Because Kanwas is in early launch (Product Hunt #1 of the day during launch week in May 2026), the team has signaled that pricing for paid tiers may arrive later. Interested teams should check kanwas.ai or the GitHub repo for updates before planning long-term budgeting.

Best For

  • Product managers who run discovery, write PRDs, and want the agent to cite specific user interviews instead of generic frameworks.
  • Founders who currently juggle Claude chats, Notion, Obsidian, and a fundraising deck and want one canvas where the agent can see all of it.
  • Engineering teams that prefer documents as Markdown in Git and reject SaaS lock-in for product context.
  • Cross-functional teams (PM + design + eng) collaborating on strategy who want a shared view of decisions rather than meeting notes scattered across personal AI productivity tools.
  • Open-source-friendly organizations that need self-hosting for compliance or data residency reasons.

FAQ

Is Kanwas free to use?

Yes. The hosted version at kanwas.ai is free at launch with no published paid tier, and the self-hosted version is released under the Apache 2.0 license. Teams pay only for the LLM API keys they bring (OpenAI, Anthropic, Google, etc.), since Kanwas does not bundle model usage.

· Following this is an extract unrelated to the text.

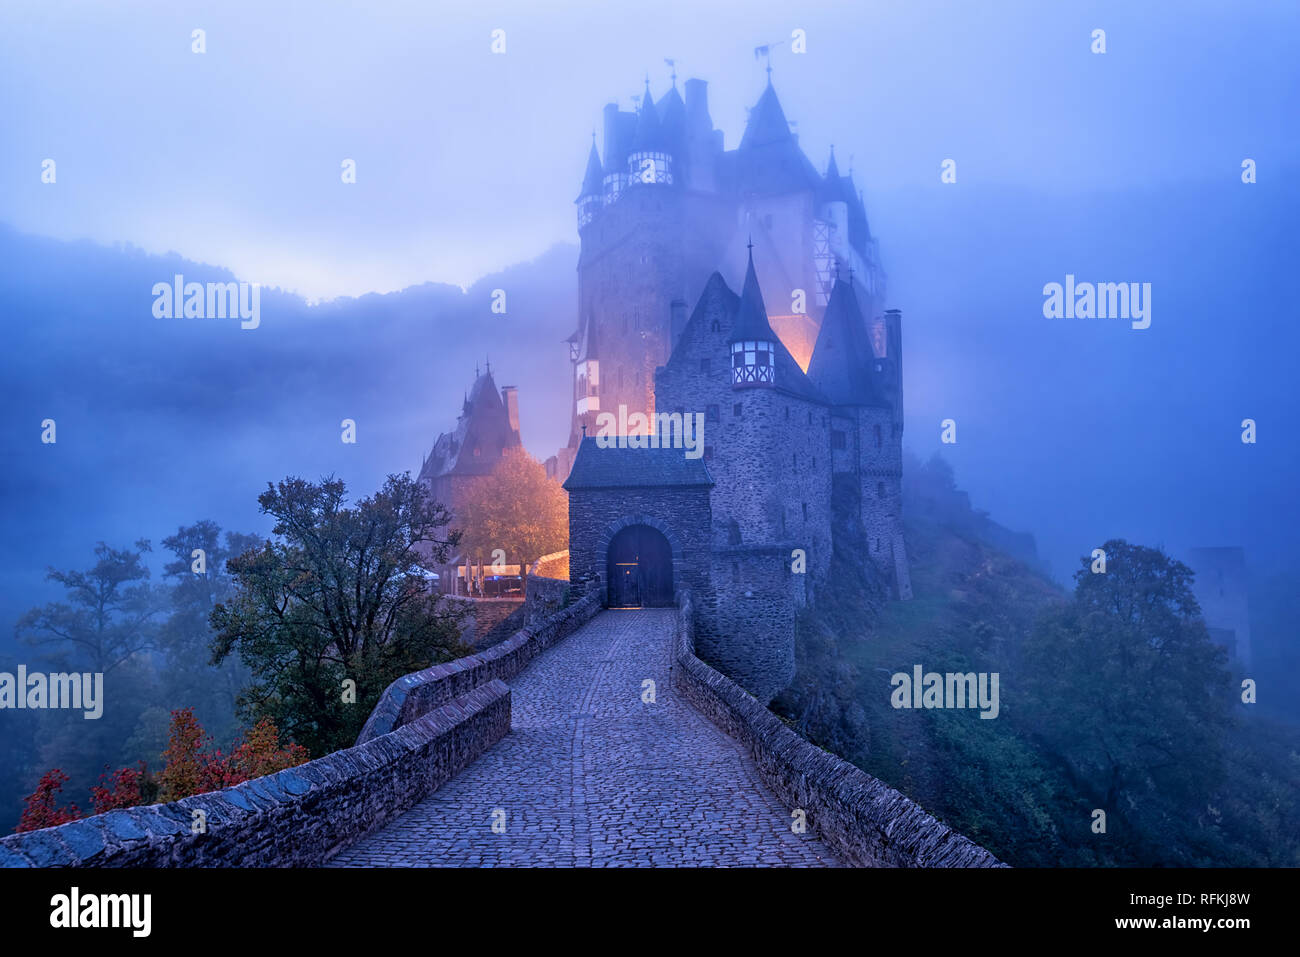 Die mittelalterlichen gotischen Burg Eltz Burg im Morgennebel, Deutschland. Burg Eltz ist eine der eindrucksvollsten und bekanntesten Burgen in Deutschland. Stockfoto

How is Kanwas different from Notion AI or Obsidian?

Notion and Obsidian are primarily document or knowledge-work workspaces — comparable to most AI note-taking software. Kanwas positions itself as a shared canvas where agents and teammates work over the same evolving context, with tool calls, edits, and research streaming side by side. It is also Git-backed and Apache 2.0, which Notion is not.

Can I self-host Kanwas?

Yes. The full source is on GitHub at github.com/kanwas-ai/kanwas under Apache 2.0. The README documents a Docker Compose path that brings up the backend, frontend, and yjs collaboration server locally — typical setup is clone, fill .env files, and run docker-compose --profile app up.

Which AI models does Kanwas support?

Kanwas supports Claude, GPT, and Gemini, plus other major providers via configurable agents. Self-hosting requires Anthropic and/or OpenAI API keys according to the README; hosted model billing, Gemini support details, and any markup policy are not clearly published.

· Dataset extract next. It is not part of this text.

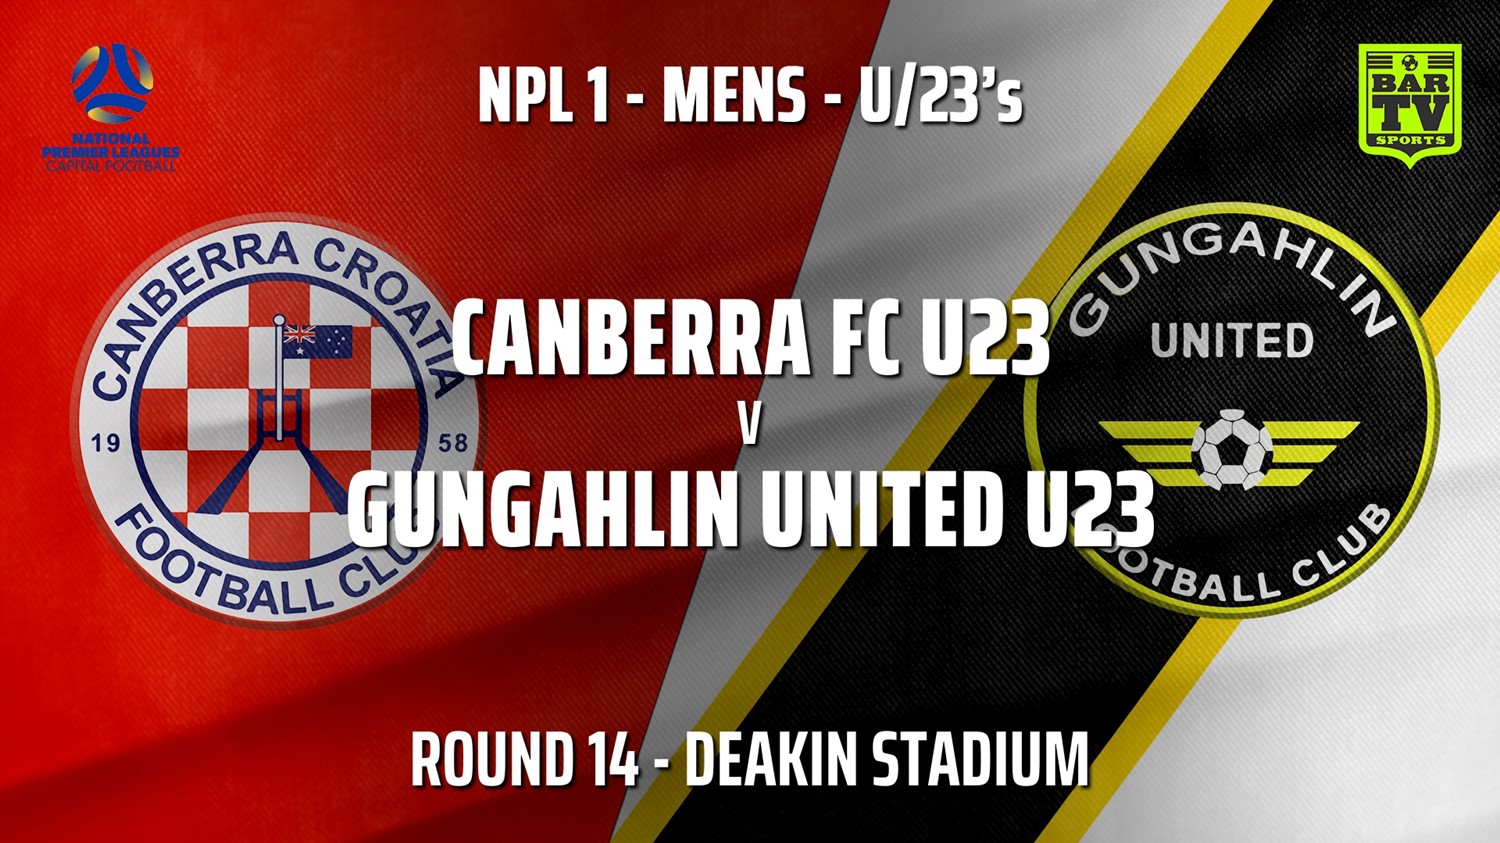 210718-Capital NPL U23 Round 14 - Canberra FC U23 v Gungahlin United U23 Slate Image

Does Kanwas integrate with my existing tools?

Yes. Kanwas publicly mentions Slack, Linear, Notion, codebase connections, 1,000+ connections, and a CLI tool; describe these as advertised integrations/connections unless native integration depth has been verified. The CLI also syncs documents to the local filesystem so workspaces fit inside existing Git repos.

Is my data safe with Kanwas?

Files are stored as plain Markdown in a Git-backed filesystem, so teams can audit and version everything as code. Self-hosted deployments keep all data on the team's own infrastructure. For the hosted version, teams should review kanwas.ai's privacy and data-handling docs directly, since terms can change as the product evolves.

Who is Kanwas designed for?

It's built primarily for product teams — founders, PMs, designers, engineers — who run a lot of strategic work through AI and need the model to draft from real company context rather than generic prompts. Companies cited on the landing page include Veed, Wix, Grammarly, and TheFork.

Is there a learning curve?

The browser version starts with the default agent and a blank canvas — a single board can be useful in minutes. Deeper value (custom agents, codebase integration, CLI sync into a repo) takes longer to set up and benefits from someone on the team comfortable with developer-style workflows.